Sosyal bir varlık olan insanın önüne, toplumsal olan her şeyin bireyin yaşamını tehdit eden bir unsura dönüştüğü, sosyalleşmenin terk edilip insanın bireyselleşmesiyle birlikte daha sağlıklı ve özgür bireylerin olacağı, pandemi araçsallaştırılarak dayatılmakta. İnsanların bir araya gelmesini sağlayan her türlü etkinlik, faaliyet hızla terkedilip teknolojinin ve dijitalleşmenin getirdiği yeni tip iletişim araçları ile evde yaşamın daha ideal olduğu fikri insanlara sunuluyor. Buna bağlı olarak da ofis ortamında yapılan birçok işin internet aracılığıyla evde bilgisayar başında rahatlıkla yapılabileceği, işe/ofise gitmenin gereksiz olduğu, çalışanın sağlığı bahane edilerek ofiste 8 saat çalışma yerine, evde esnek çalışma adı altında 24 saat çalıştırılmaya alıştırılıyor.
Öte yandan normal şartlarda insanların karşı çıkacağı birçok anti demokratik uygulama, devletler tarafından pandemi ile mücadelenin bir aracı olarak sunulmakta. Demokratik olmayan bu uygulamalara insanlar karşı çıkmadığı gibi gönüllü olarak kabul etmekteler. Demokrasinin beşiği sayılan Avrupa ülkelerinin pandemi karşısında yetersiz kalması, çeşitli medya organlarınca servis edilirken, lider endeksli totaliter ülkelerin –Çin, Rusya gibi- pandemi karşısındaki başarısı –özellikle Çin’in-pandeminin başlangıcı olan Wuhan şehrinde hiç covid hastasının kalmadığı yönünde haberlerle destanlaştırılarak insanların lider endeksli rejimlere daha sıcak bakmaları, bilinç altına yerleştiriliyor. Böylece daha demokratik bir dünyadan daha totaliter bir dünyaya doğru insanlar sesiz sedasız yönlendiriliyor.
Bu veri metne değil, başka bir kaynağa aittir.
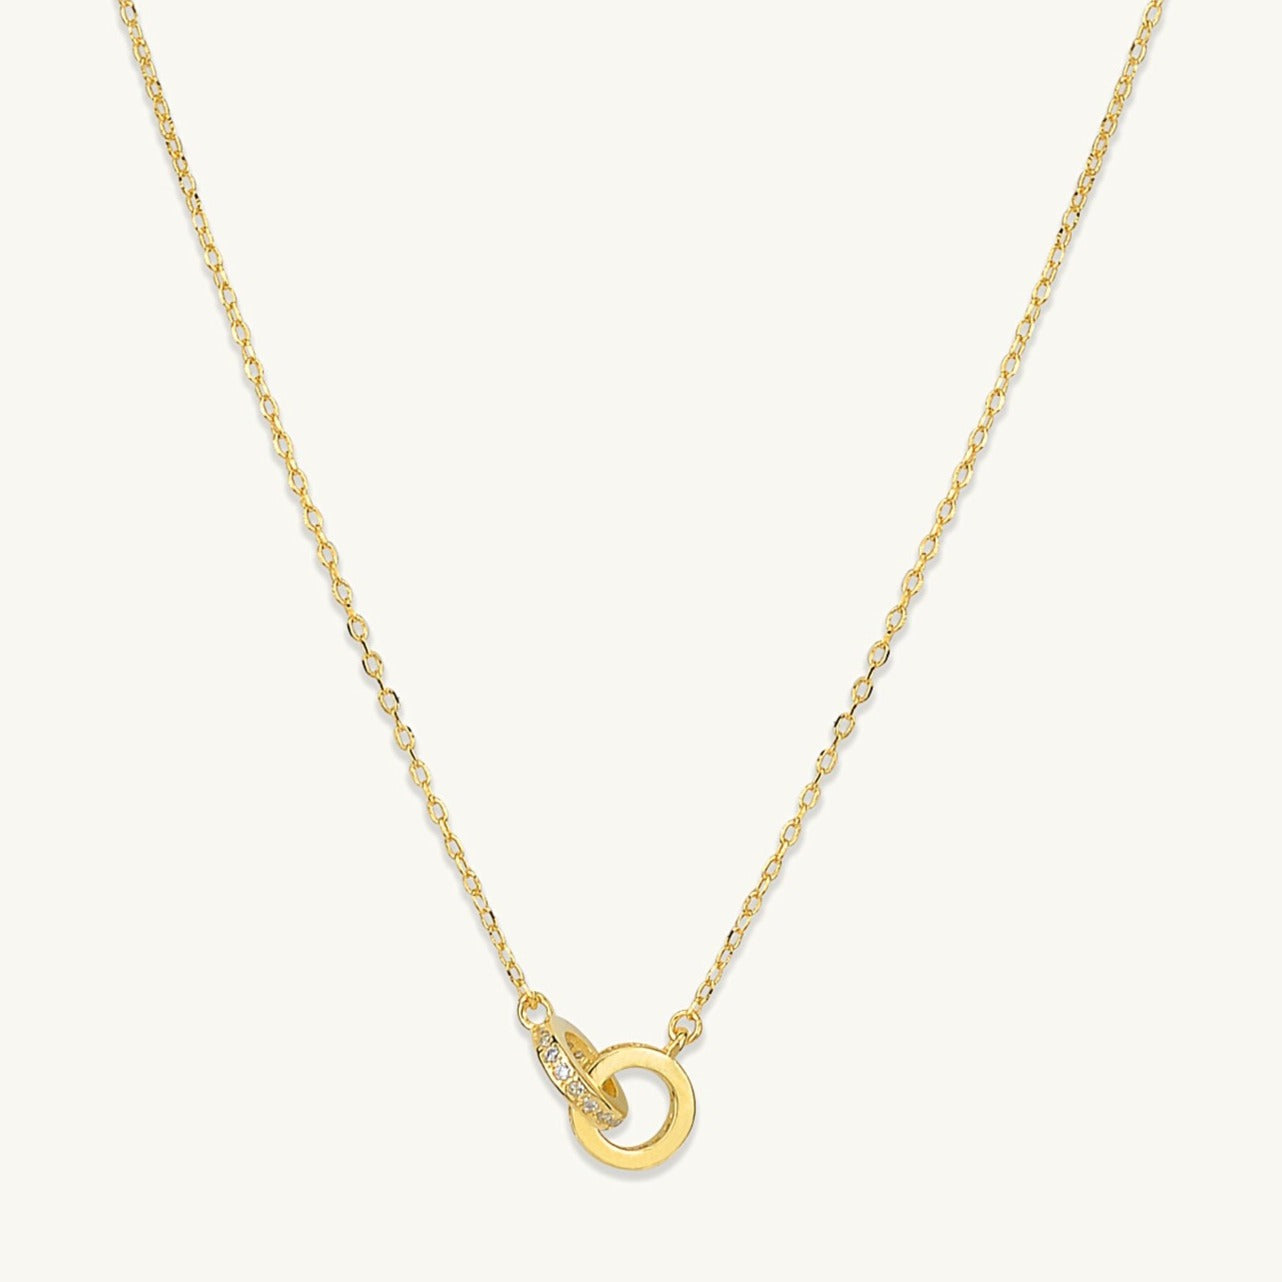 Bond Sapphire Chain Necklace

Televizyon tartışmalarının odağında pandemiden sonra artık hiçbir şeyin eskisi gibi olmayacağı var. Artık eskisi gibi olmayacak olan şey ne? Geleneksel olanın terk edilip teknolojinin ve dijitalleşmenin gelişmesiyle birlikte edineceğimiz yeni alışkanlıklar mı? Örneğin düğün salonlarında 500-1000 kişiyle yaptığımız düğünler yerine sadece iki ailenin katıldığı düğünler mi yapacağız? Ya da geniş katılımlı cenaze törenlerini terk edip; Facebook, Twitter gibi sosyal medya alanları üzerinden birbirimize başsağlığı mı dileyeceğiz? Park ve kafelerde masada oturan sayısı bir elin parmağını geçmeyecek mi? Dernek, sendika gibi sivil toplum kuruluşlarını terk edip sosyal medya grupları ile mi yetineceğiz? Bu günlerde ülkelerin uygulamaya soktukları yasaklara bakılırsa insan ırkı zaman içinde bu tür alışkanlıklarının büyük bir bölümünü terk edecek. Bu yönde kendi kendimizi sorguladığımızda, bu tür geleneksel alışkanlıklarımızın birçoğunu bir yıldır nerdeyse terk ettiğimizi rahatlıkla görebiliriz.
‘Pandemiden sonra hiçbir şey eskisi gibi olmayacak’ cümlesiyle söylenmek istenen sadece bu tarz geleneksel davranış biçimleri mi? Kuşkusuz değil. Bunların yanı sıra asıl söylenmek istenen dijitalleşmeyle birlikte tüketim alışkanlığımızın değişeceği. Elimizdeki bir akıllı telefonla, istediğimiz ürünü, gıdayı, bilgiyi yani tüketilmesi mümkün olan her şeyi birkaç tıklamayla çağdaş ödeme araçlarıyla alabileceğiz. Bu durum dijital alanı kontrol eden veya kullanan az sayıda global şirketin dünya ticaretini kontrol etmesi anlamına geliyor. Günümüzde bile bu alanı kullanan global şirketlerle yerel şirketler arasında devasa uçurumlar oluşmuş durumda. Dünyanın kıt olan kaynakları gittikçe bu global şirketlerin kasasını doldururken, dünyanın geri kalanı bu kıt kaynaklardan her geçen gün biraz daha mahrum bırakılıyor. Bu durum ise dünya kaynaklarının belli bir grup insanda toplanmasına, geri kalan insanların ve ülkelerin kaynak ve zenginlikten yoksun olması sonucunu beraberinde getiriyor. Uzun vadede bunun sonucu dünya çapında kaos ve iç karışıklık. Hal böyle olunca küreselleşen kapitalizmin önünde tek bir seçenek kalıyor ki bu da pandemiyi fırsata çevirip demokrasiden vazgeçmek. Bugünlerde yapılan da tam olarak bu.